The solar industry has been through the proverbial wringer for the past few years. On July 23, 2012, I wrote an article entitled “Bite-Sized Solyndra: The Amonix Shutdown.” In that article the state of solar energy was described (and alternative energy as a whole) as being vastly over dependent on governmental funding. The article proposed that this cycle of dependency harms the competitive free market process as a whole and that solar energy will not be a viable form of American energy until the government gets out of the way of true innovation and lets capitalism function.

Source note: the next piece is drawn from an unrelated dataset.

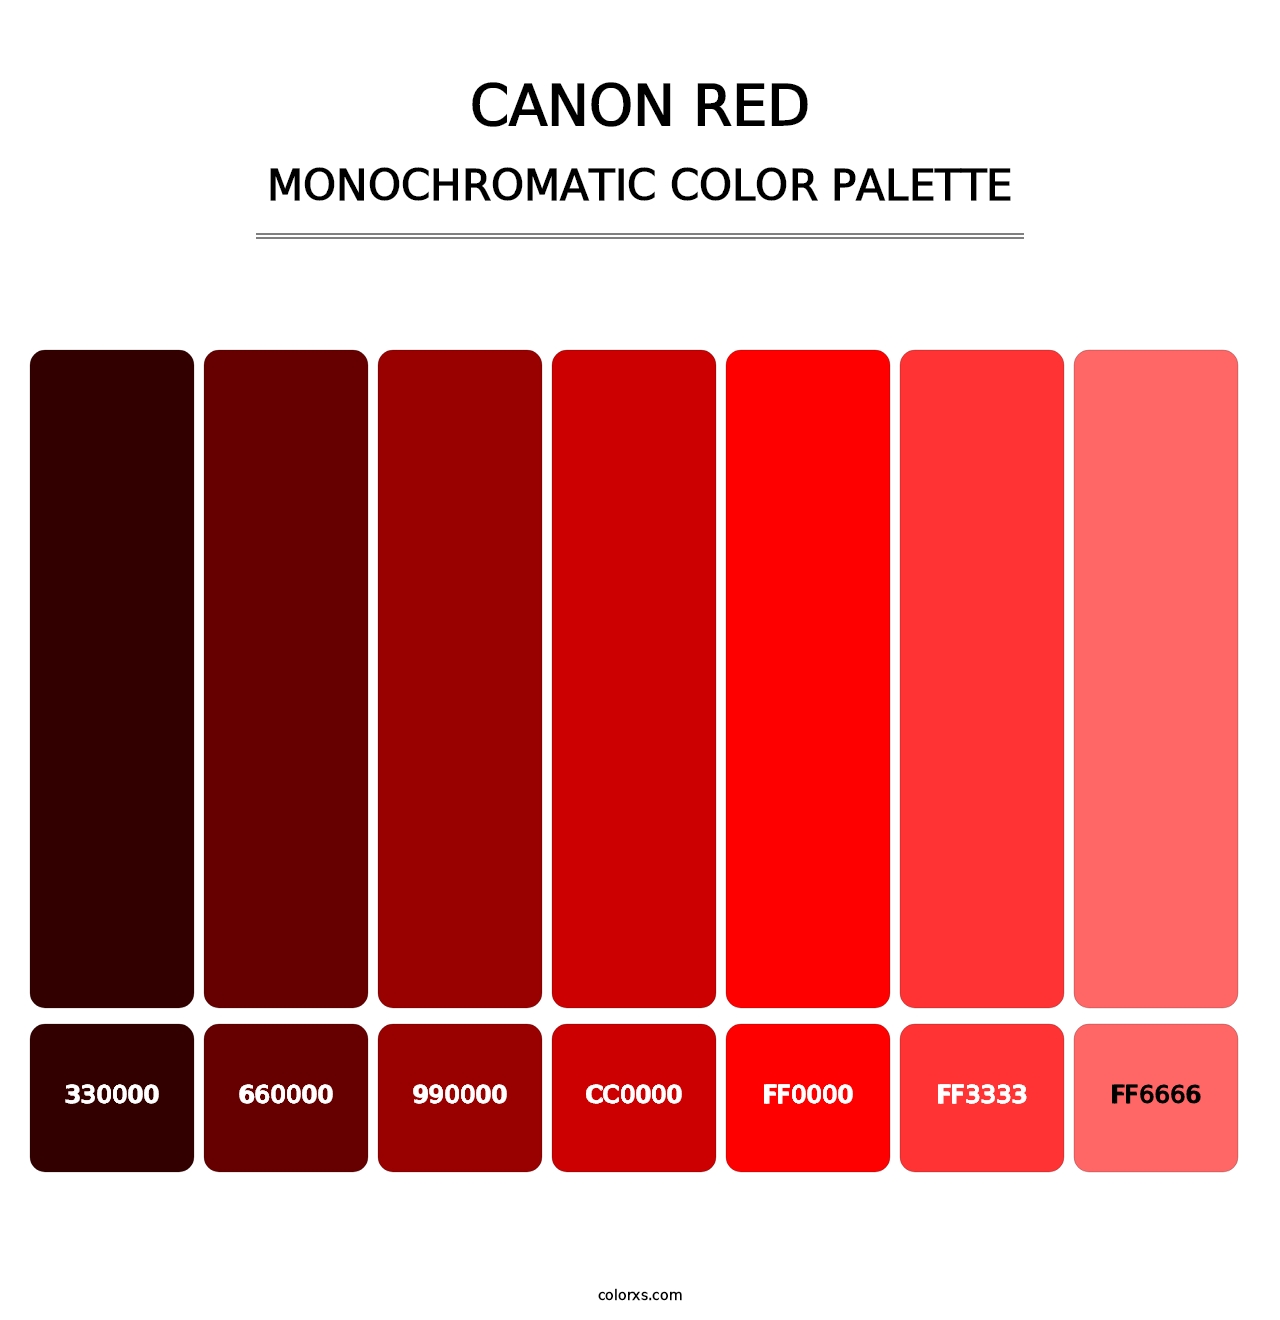 Canon Red - Monochromatic Color Palette
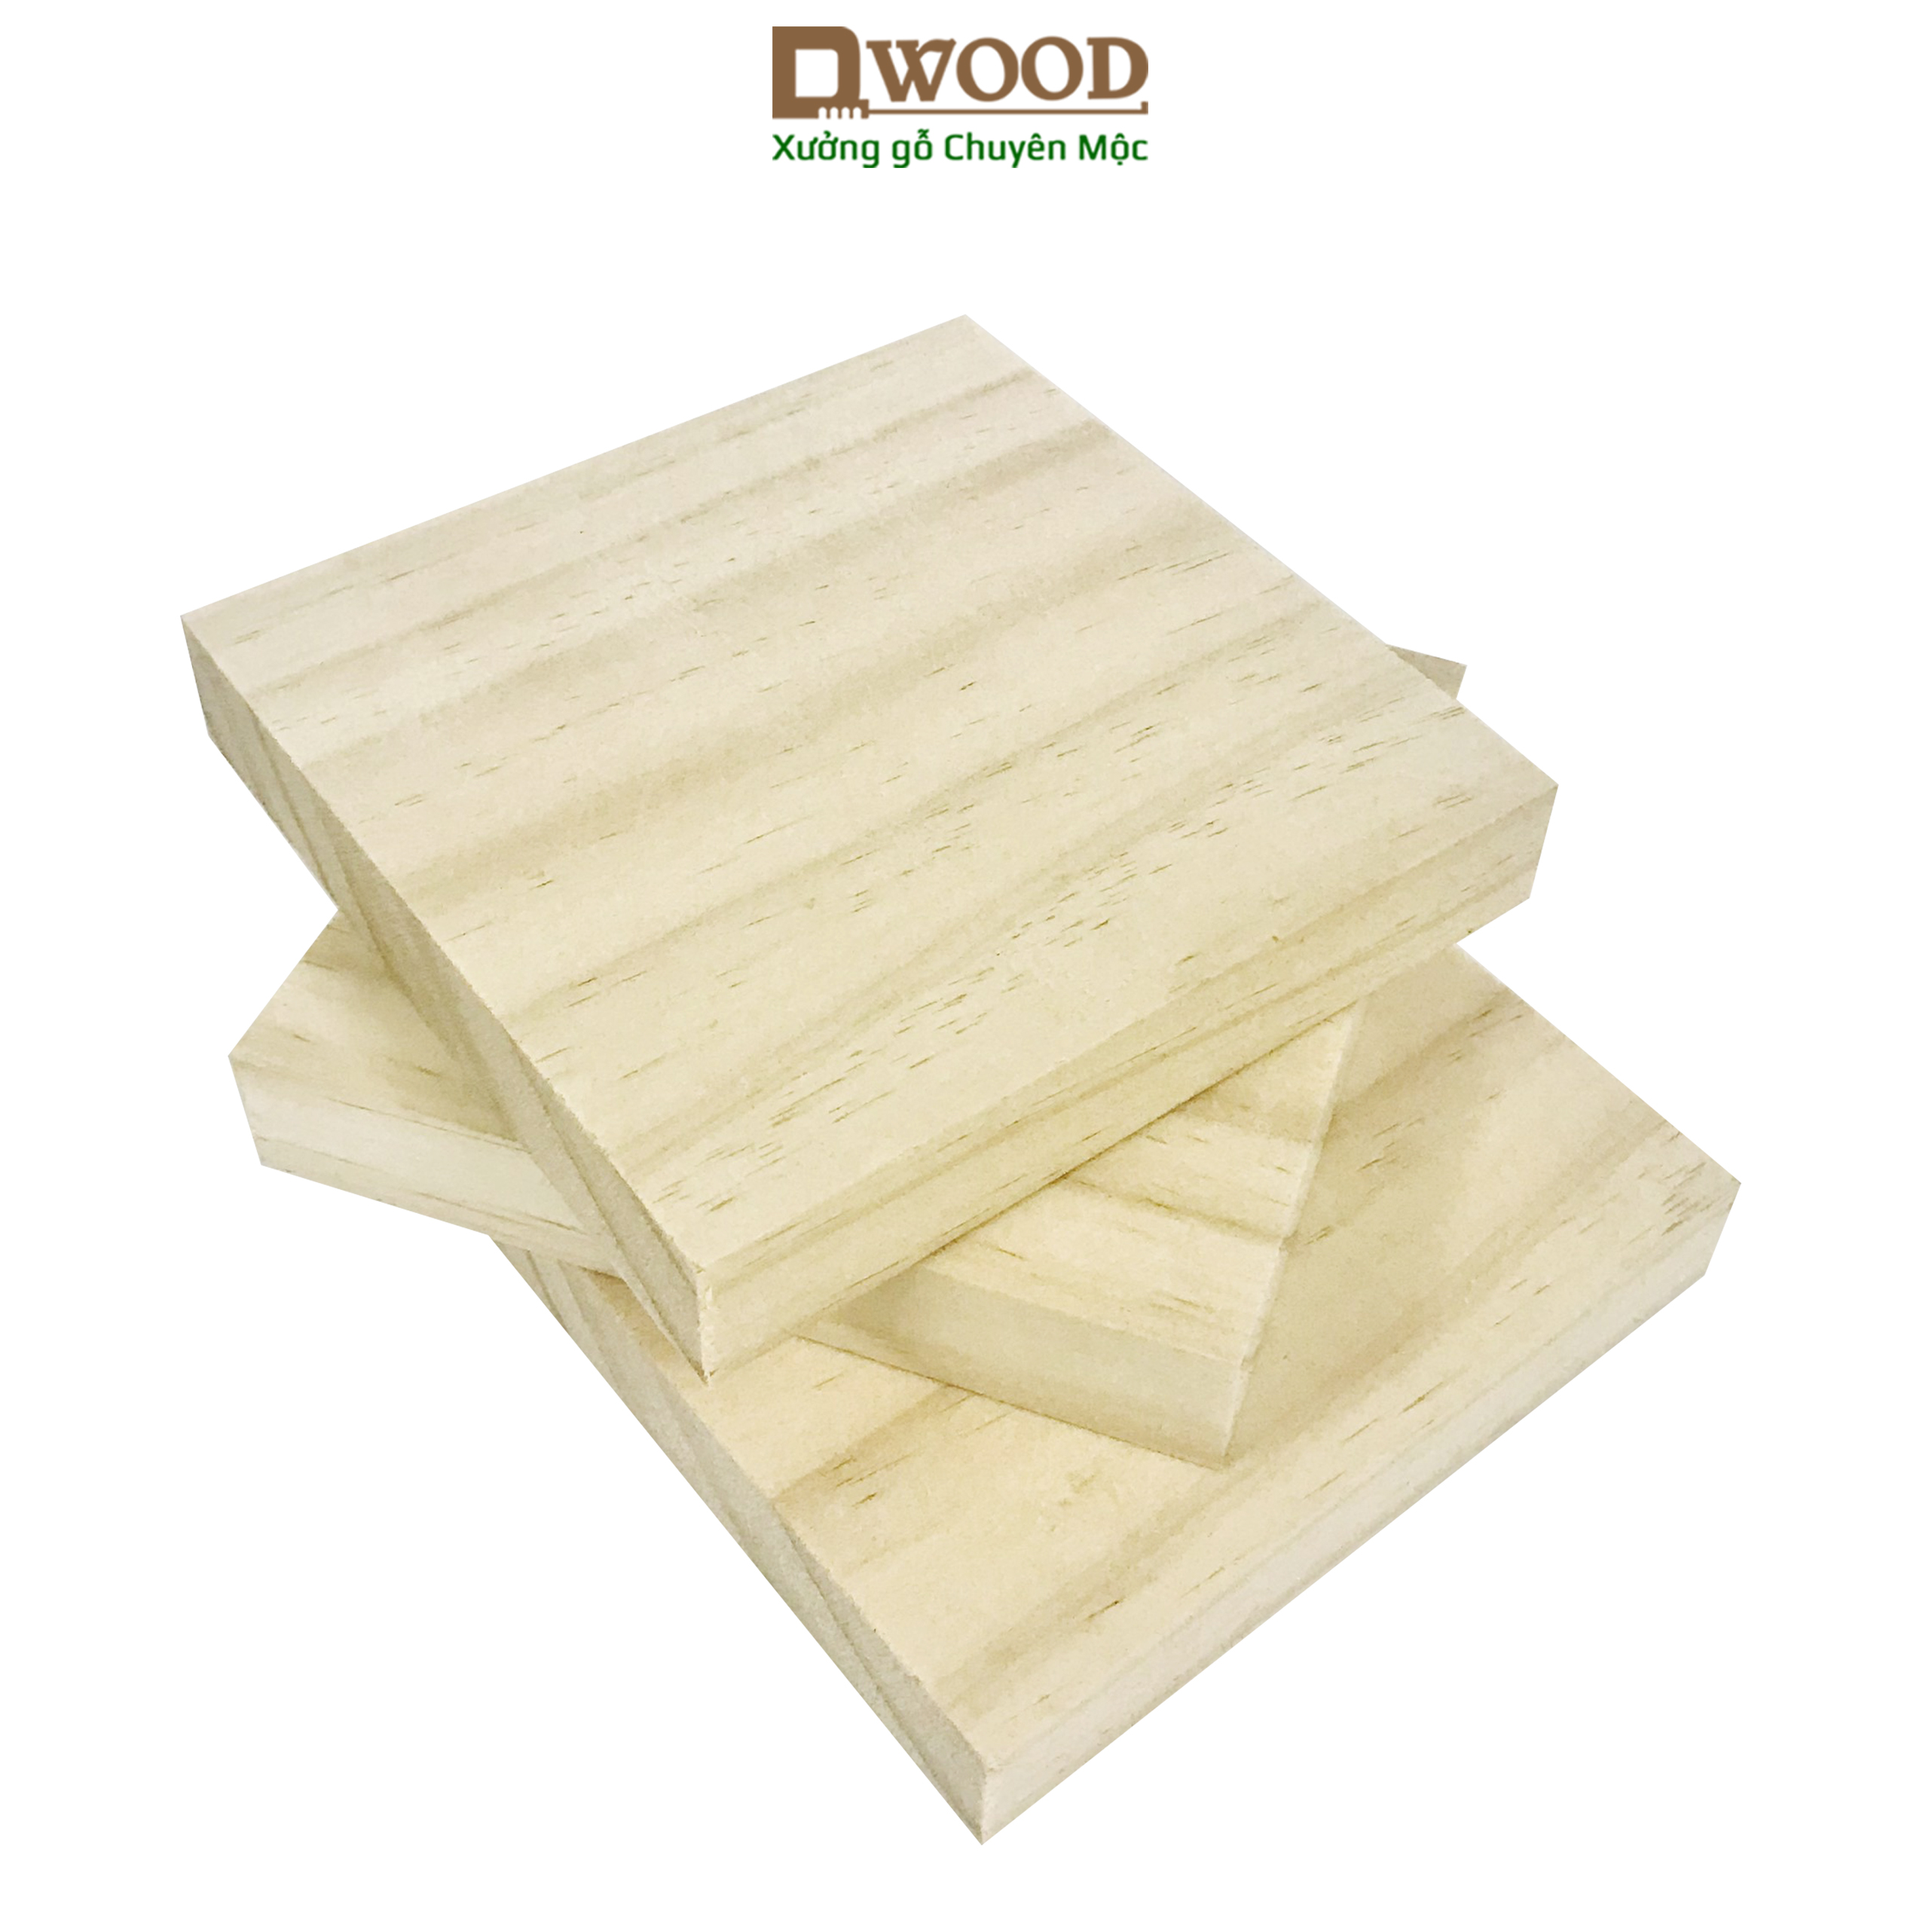 Miếng gỗ vuông Dwood gỗ thông mới nhập khẩu

Some of the companies mentioned did have other financial difficulties not necessarily directly linked to governmental subsidization – but those examples further underscored the overall point that solar energy is currently a struggling, lagging industry, and the American marketplace just isn’t ready for solar to go mainstream yet.
Fast forward to today. While the overall state of the solar market remains constant, the future of the solar energy sector appears to be brightening. The Initial Public Offering (IPO) of SolarCity (NASDAQ: SCTY) has been largely deemed a success, as the company has some strong prospects for growth and is expanding its line of business. Overall, consumer sentiment for solar is improving, and solar Exchange Traded Funds are producing astonishingly eye-popping results so far in 2013. But do these numbers actually suggest a permanent turnaround for the solar industry, or will the industry be relegated back unto the “Dark Ages”? If current trends of “de-subsidizing” and market forces continue to hold, then the solar industry is most likely poised for significant gains in 2013. If investors allow the solar industry to default to government instead of private industrialization, then the potential of solar energy will be very much unrealized.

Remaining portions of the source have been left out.